Rhondak101
1/12/2012
Anne McCaffrey’s The Ship Who Sang is a collection of six novelettes and novellas published between 1961 and 1969. Most of them stand alone but also work as well as the continuous story of Helva, the ship who sang. McCaffrey creates a world in which humans have colonized other planets and have discovered many types of life forms “out there.” In this world, however, humans are still born with birth defects. These babies are tested for high levels of brain functions. If they do not pass the tests, they are euthanasized. If they do pass the test, their parents are given the choice between euthanasia or placing them in a school to learn to be the “brains” of a spaceship. These spaceships work for Cencom, delivering important cargo, transporting dignitaries, and other humanitarian or emergency jobs. These babies are taken from their parents and entered into a school, where they are placed into smaller machine bodies and trained for their ultimate insertion into a ship. The children are given drugs to stunt their growth so that they may be permanently fitted into the control column of the ship. For Helva, the ship’s mobility is her mobility; its sensors are her senses. Her body is pumped nutrients, and she never sleeps. McCaffrey’s cyborg ship idea is fascinating, and she explores its potential in the first chapter. The readers learn more about Helva’s existence in the successive chapters.

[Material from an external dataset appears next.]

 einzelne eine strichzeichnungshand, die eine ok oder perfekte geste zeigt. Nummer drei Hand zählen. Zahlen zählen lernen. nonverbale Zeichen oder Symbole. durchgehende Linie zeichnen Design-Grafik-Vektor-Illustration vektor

The class of ship that Helva becomes is called a BB ship, signaling the two components, the brains, Helva and her ilk, and the brawns, the fully mobile human pilots who travel with the ships. The chapters explore Helva’s relationships with her brawns as she and they undertake the assignments given to them by Cencom. In my opinion, the first three chapters are the strongest narratives, both in their relation to one another and as independent stories.

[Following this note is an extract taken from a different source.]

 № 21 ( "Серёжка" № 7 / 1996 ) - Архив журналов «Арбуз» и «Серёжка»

Reading this collection more than forty years after the individual parts were written, I can see how McCaffrey is working with early feminist ideas. Helva is strong, opinionated, and smarter than all of the men she encounters. She is able to choose her brawns, who must court her (McCaffrey’s term). She becomes financially independent in the course of the book, fights for her rights, makes choices that will ensure her growth and well-being. However, the weakness is that McCaffrey can quite break out of is the idea that the brain-brawn relationship is a traditional concept of marriage. We see Helva fall in love with, break up with and enter into an “oil and water” relationship with various brawns. McCaffrey does not exactly force compulsory heterosexuality on Helva because she once has a female brawn (whom she often misses when the men seem incompatible to her).

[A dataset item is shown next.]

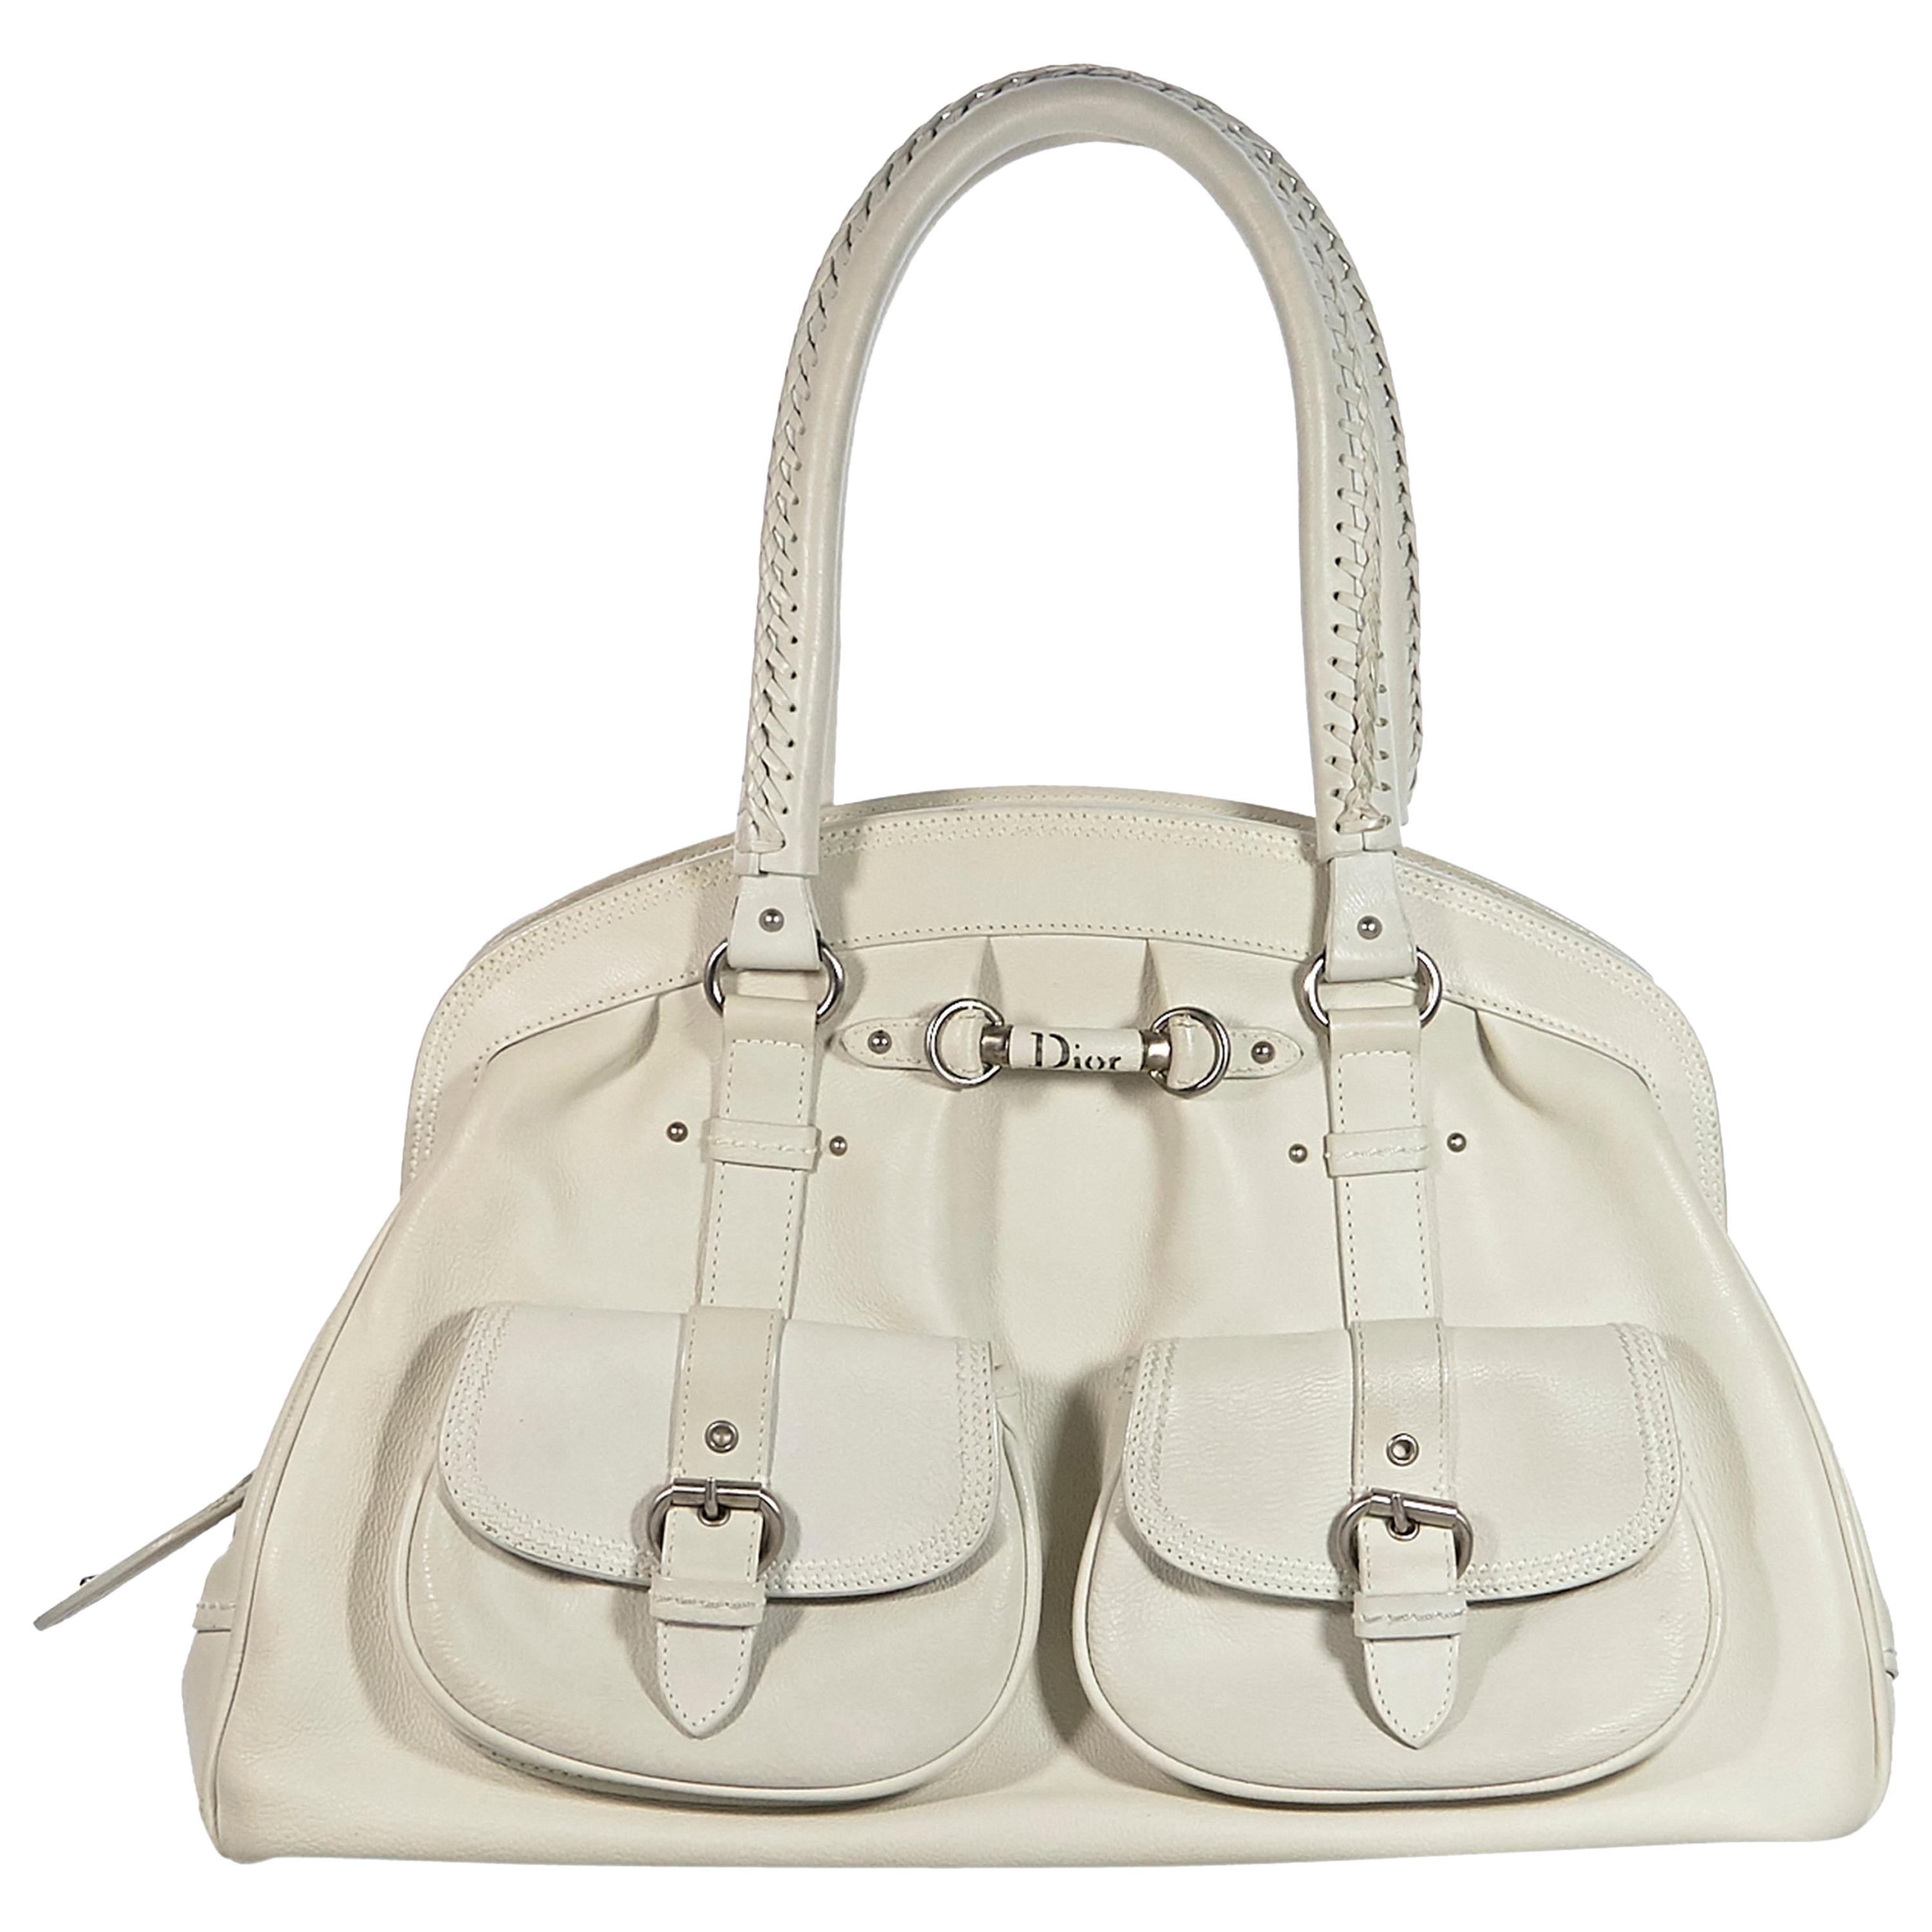 Christian Dior White Leather Hobo Bag

I applaud McCaffrey for what she was trying to do, but from my future perspective The Ship Who Sang is dated in the way it handles (and focuses on) relationships. I would like to see Helva using her brains to solve problems related to her assignments rather than worrying about her relationships with past, present, and future brawns. However, Helva is a fantastic feminist character and offers strong evidence against the critics who say that science fiction authors can’t create characters with depth.